The other stories were interesting retellings. There were two stories which were retellings of ‘The Beauty and the Beast’‘The Courtship of Mr.Lyon’ and ‘The Tiger’s Bride’. The first one had the traditional ending while the second one inverted the ending and made us look at things with new eyes. ‘The Werewolf’ and ‘The Company of Wolves’ were retellings of ‘Little Red Riding Hood’ but again they had different endings and surprises and made us look at this traditional fairytale in new ways.

 

I found ‘The Bloody Chamber’ quite interesting. I wouldn’t say that I loved it, but I liked very much some of the stories. Angela Carter’s prose is beautiful and lush and is a pleasure to read. The cover and inside flaps of the edition I read had illustrations by tattoo artist Jen Munford which enrich the reading experience. And the fact that I liked the longest story the best, might mean that I might like one of Carter’s novels more.

 

I will leave you with some of my favourite passages from the book.

 

…that castle, at home neither on the land nor on the water, a mysterious amphibious place, contravening the materiality of both earth and the waves, with the melancholy of a mermaiden who perches on her rock and waits, endlessly, for a lover who had drowned far away, long ago. That lovely, sad, sea-siren of a place! (from ‘The Bloody Chamber’)

 

my spite was sharp as broken glass. (from ‘The Tiger’s Bride’)

 

She is so beautiful she is unnatural; her beauty is an abnormality, a deformity, for none of her features exhibit any of those touching imperfections that reconcile us to the imperfection of the human condition. Her beauty is a symptom of her disorder, of her soullessness. (from ‘The Lady of the House of Love’)

 

To ride the bicycle is in itself some protection against superstitious fears, since the bicycle is the product of pure reason applied to motion.

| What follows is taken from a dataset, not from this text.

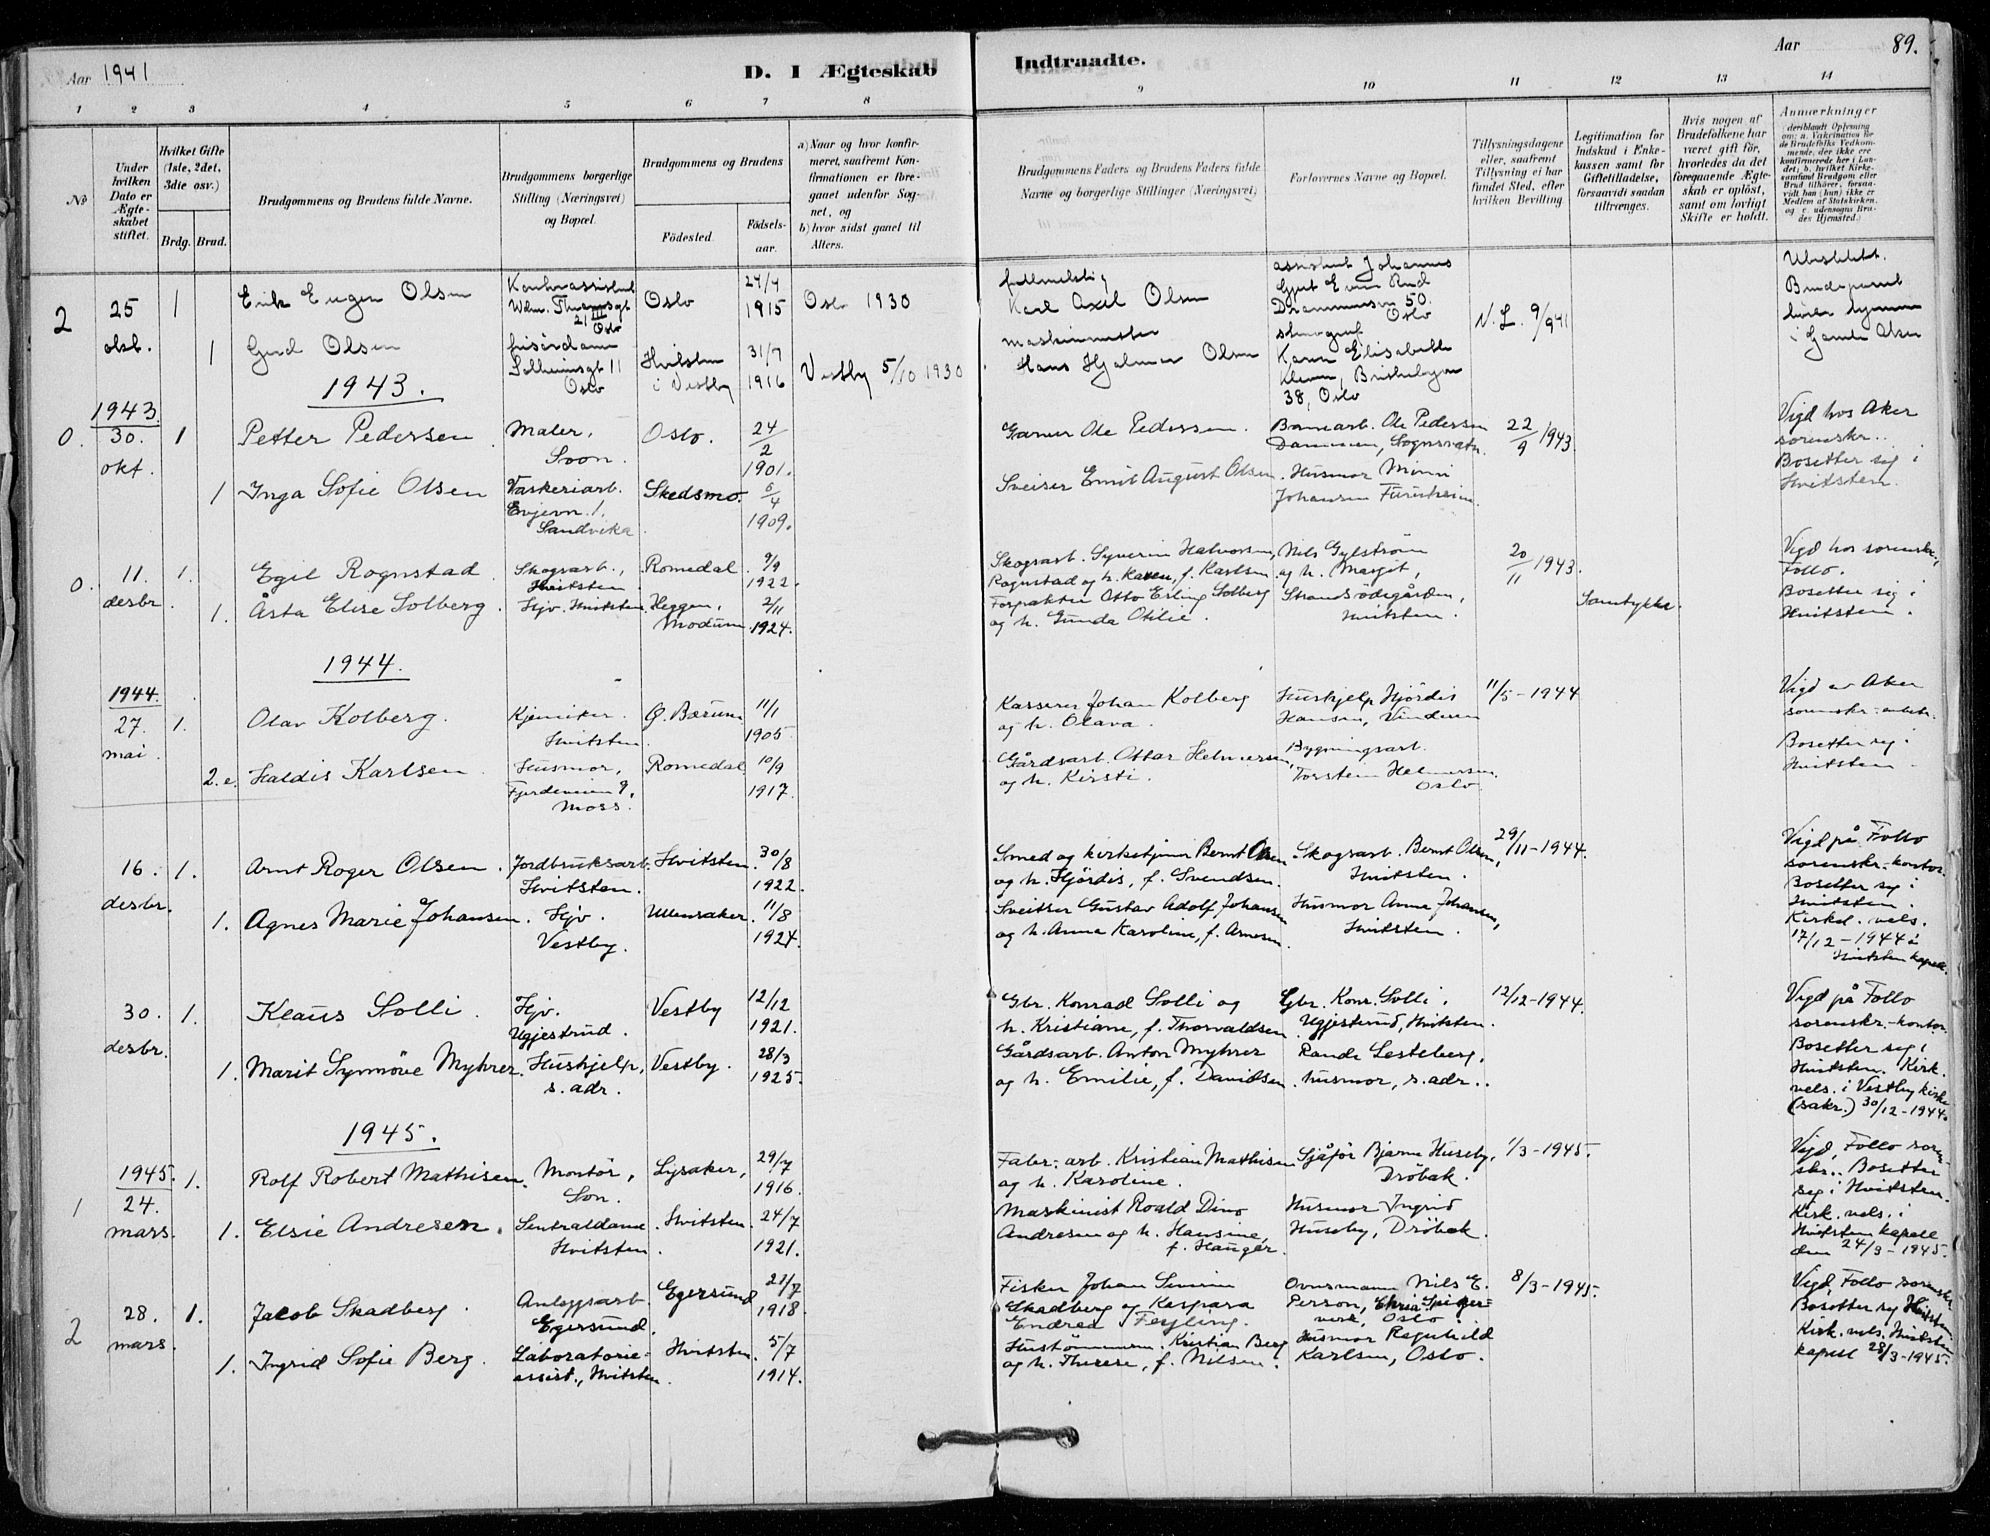 SAO, Vestby prestekontor Kirkebøker, F/Fd/L0001: Ministerialbok nr. IV 1, 1878-1945, s. 89

Geometry at the service of man! Give me two spheres and a straight line and I will show you how far I can take them. Voltaire himself might have invented the bicycle, since it contributes so much to man’s welfare and nothing at all to his bane. Beneficial to the health, it emits no harmful fumes and permits only the most decorous speeds. How can a bicycle ever be an implement of harm? (from ‘The Lady of the House of Love’)

 

Like the wild beasts, she lives without a future. She inhabits only the present tense, a fugue of the continuous, a world of sensual immediacy as without hope as it is without despair. (from ‘Wolf-Alice’)

 

Have you read Angela Carter’s ‘The Bloody Chamber’? What do you think about it?